After complimenting him on his originality, I suggested he cruise the laptop thoughtfully left under the table for something more, um, traditional.

His little heart is now set on completing Sharon Miller's Unst shawl for this year's exhibition, but he was having trouble deciding what yarn and color would work best with this exquisite design.

We hooked up a video conference and he did a virtual crawl through my stash.


Most of my puny pile received eight thumbs down, but he did like the the Dark Ruby Gentle from Yarn Place.

"Rich color," he said thoughtfully. "Goes well with my complexion. A bit too warm-colored for Unst, perhaps."


Harry dug deeper into the pile, falling fast asleep inside a skein of alpaca silk.

After an hour of snoozing, he resumed his perusal.

"I kind of like that Zephyr in Marine Blue," he said, "But the yarn is way too heavy for the Unst shawl."
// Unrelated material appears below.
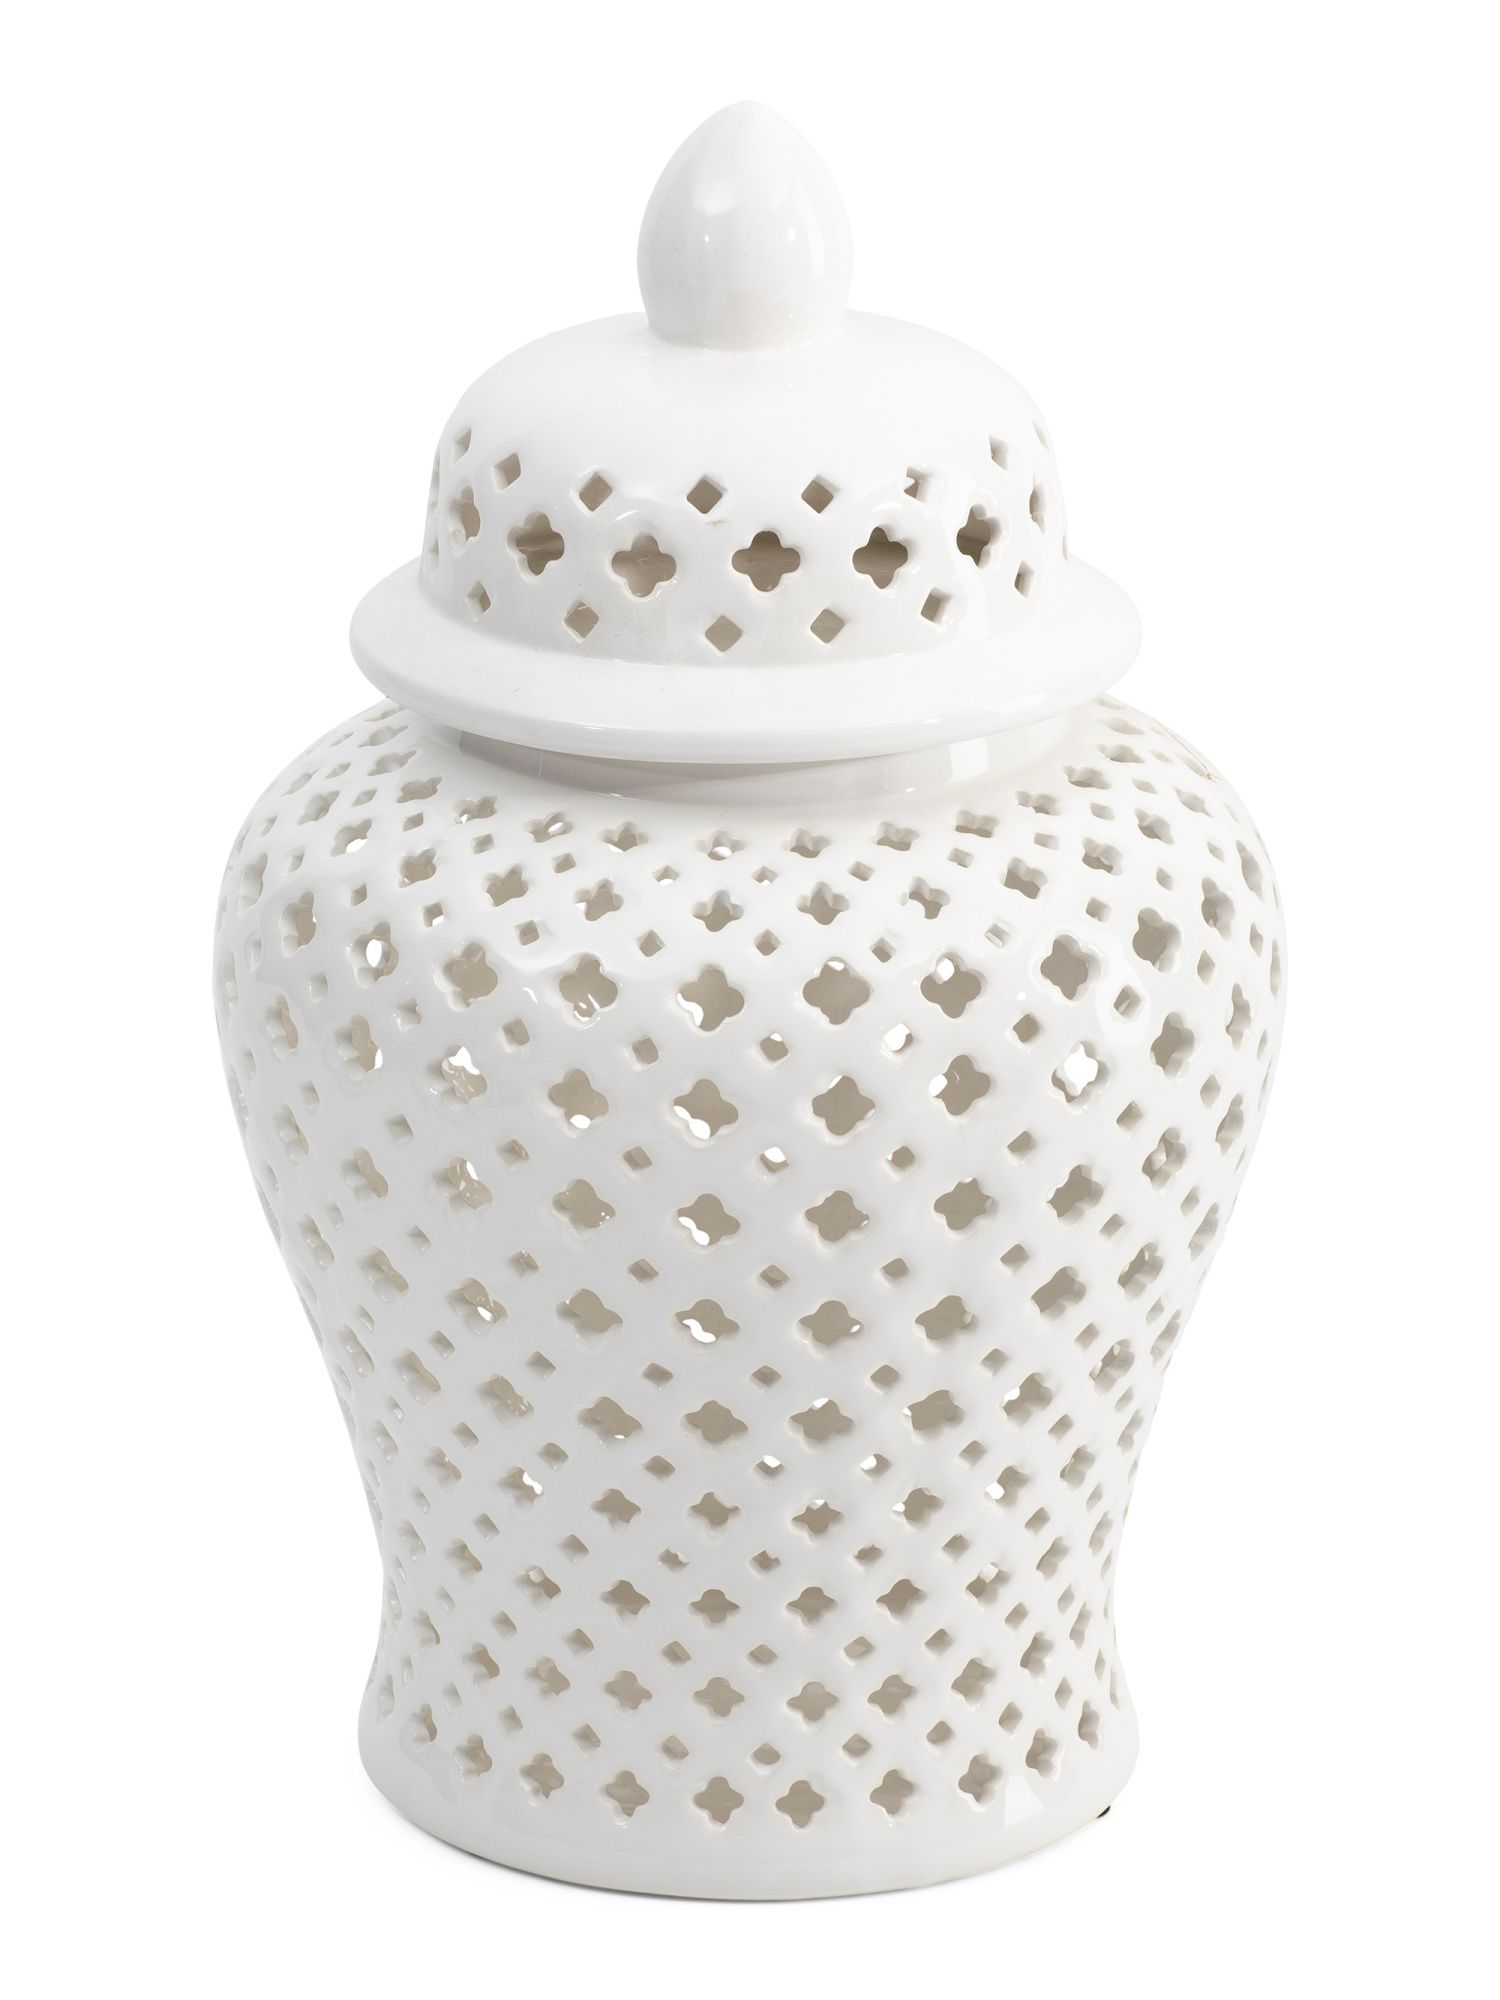 18in Pierced Ceramic Temple Jar With Lid | Pillows & Decor | Marshalls | Marshalls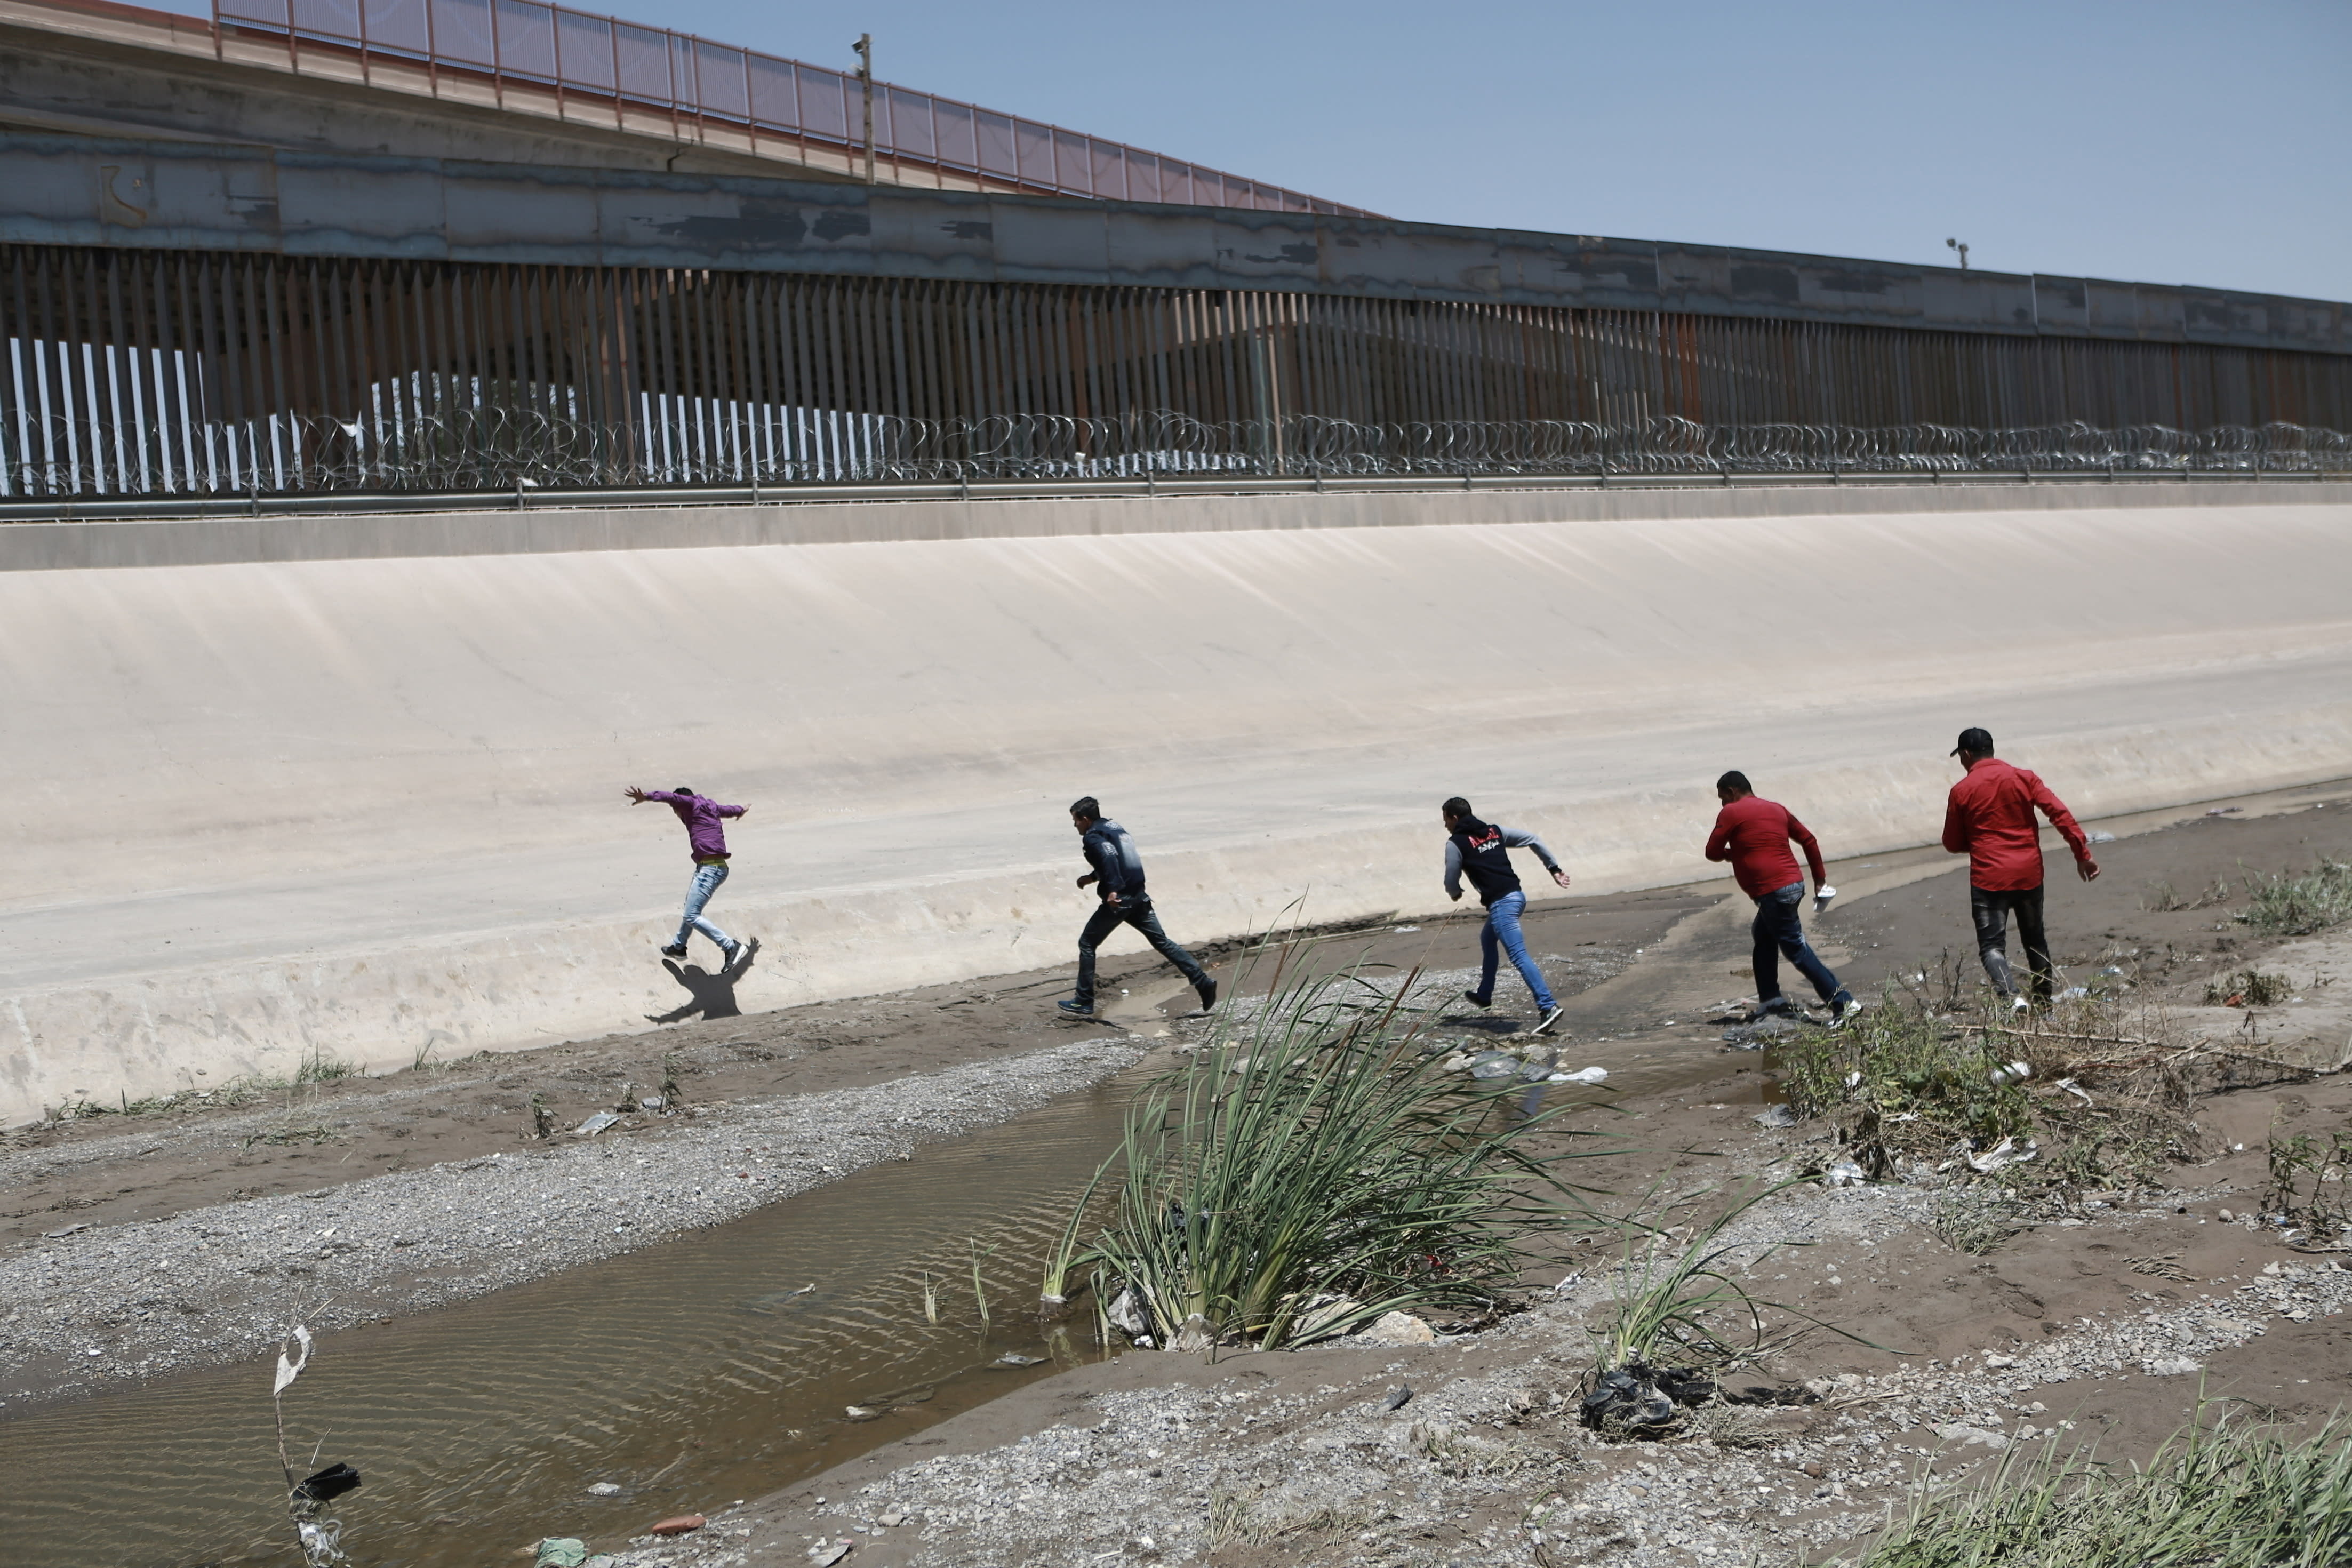 Before Massacre El Paso Became A Hot Spot On Mexican Border

"However, this Grignasco Merino/Silk is the perfect weight and it's almost as soft as spider silk, so do you think you could maybe get it dyed Marine Blue for me?"

We did some bickering that involved mosquito removal and web dispersal before my arrival, to which he agreed with rather good grace for a spider (that is to say, a bit snarfy).

Harry's yarn arrived the other day, and the blue is just stunningly gorgeous.


Still undecided, Harry did some Unst Photoshopping and emailed me two pictures:


Harry asked me to post his pictures and see if his eagle-eyed audience might weigh in with their opinions.

In the meantime, he's now busy designing another Shetland shawl. Here's a snip of the center:



And a bit of a border:



He's still fooling with it, but we'll both keep you posted.